Le premier juge a, par des motifs pertinents, rejeté les demandes en dommages et intérêts présentés par chacune des parties.
Les appelants succombant en leur appel et ne démontrant aucune faute de la banque dans la délivrance du commandement litigieux, leur demande en dommages et intérêts présentée à hauteur de cour sera également rejetée.
Même s’il y a lieu de relever le caractère excessif des propos des appelants à l’encontre de la Caisse de Crédit Mutuel La Doller, celle-ci ne rapporte pas la preuve d’une faute ou légèreté blâmable de ces derniers, nonobstant le caractère mal fondé de leurs prétentions réitérées en appel, ni l’existence d’un préjudice particulier distinct des frais exposés pour la procédure déjà couverts par l’indemnité de procédure.
Sa demande de dommages et intérêts sera donc rejetée.
Sur les frais et dépens
Les appelants succombant, leur condamnation aux dépens de première instance sera confirmée et ils seront également condamnés aux dépens d’appel.
Ils seront par ailleurs déboutés de leur demande formée en application de l’article 700 du code de procédure civile.
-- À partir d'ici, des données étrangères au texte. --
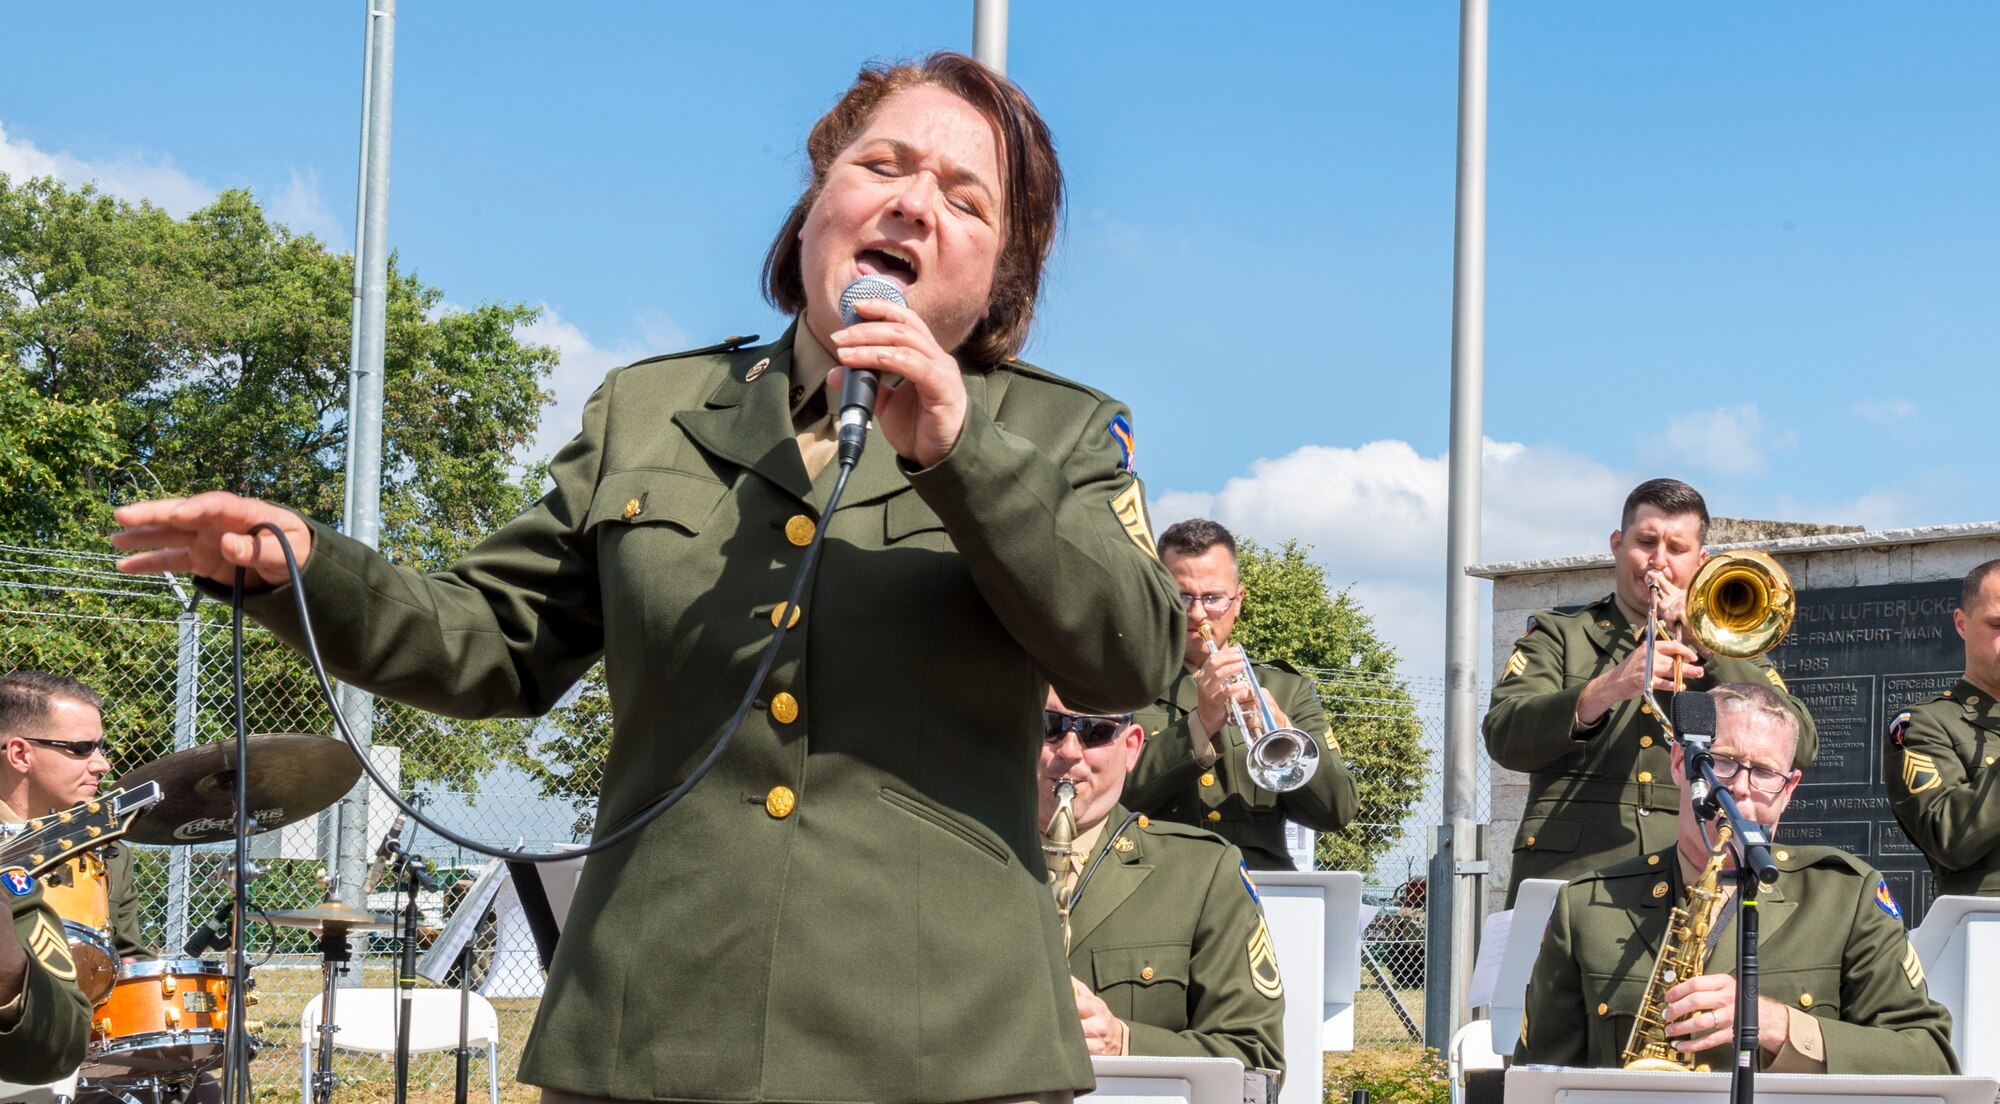 Master Sgt. Michele Harris and members of the United States Air Forces in Europe jazz band performing during the ceremony for the 70th anniversary of the Berlin Airlift, June 26, 2018, in Frankfurt, Germany. The Berlin Airlift memorial ceremony honored the 70th Anniversary of the beginning of the Berlin Airlift. The event also honored the 101 lives lost from the participating countries. (U.S. Air Force photo by Senior Airman Nick Emerick)

Monsieur et Madame [P] seront par contre condamnés, sur ce même fondement, à verser à la Caisse de Crédit Mutuel La Doller une indemnité de procédure qui sera justement fixée à la somme de 2 000 euros.
PAR CES MOTIFS
LA COUR,
Statuant par arrêt contradictoire,
CONFIRME le jugement rendu le 9 janvier 2023 par le juge de l’exécution délégué du Tribunal de proximité de Thann ;
Y ajoutant :
REJETTE l’ensemble des demandes présentées par les époux [P] tant en réduction des intérêts qu’en dommages et intérêts pour procédure abusive ou sur le fondement de l’article 700 du code de procédure civile ;
REJETTE la demande de dommages et intérêts pour procédure abusive présentée par la Caisse de Crédit Mutuel La Doller ;
CONDAMNE Monsieur [A] [P] et Madame [X] [H] épouse [P] in solidum aux dépens de l’appel ;
CONDAMNE Monsieur [A] [P] et Madame [X] [H] épouse [P] à verser à la Caisse de Crédit Mutuel La Doller une somme de 2 000 euros sur le fondement de l’article 700 du code de procédure civile.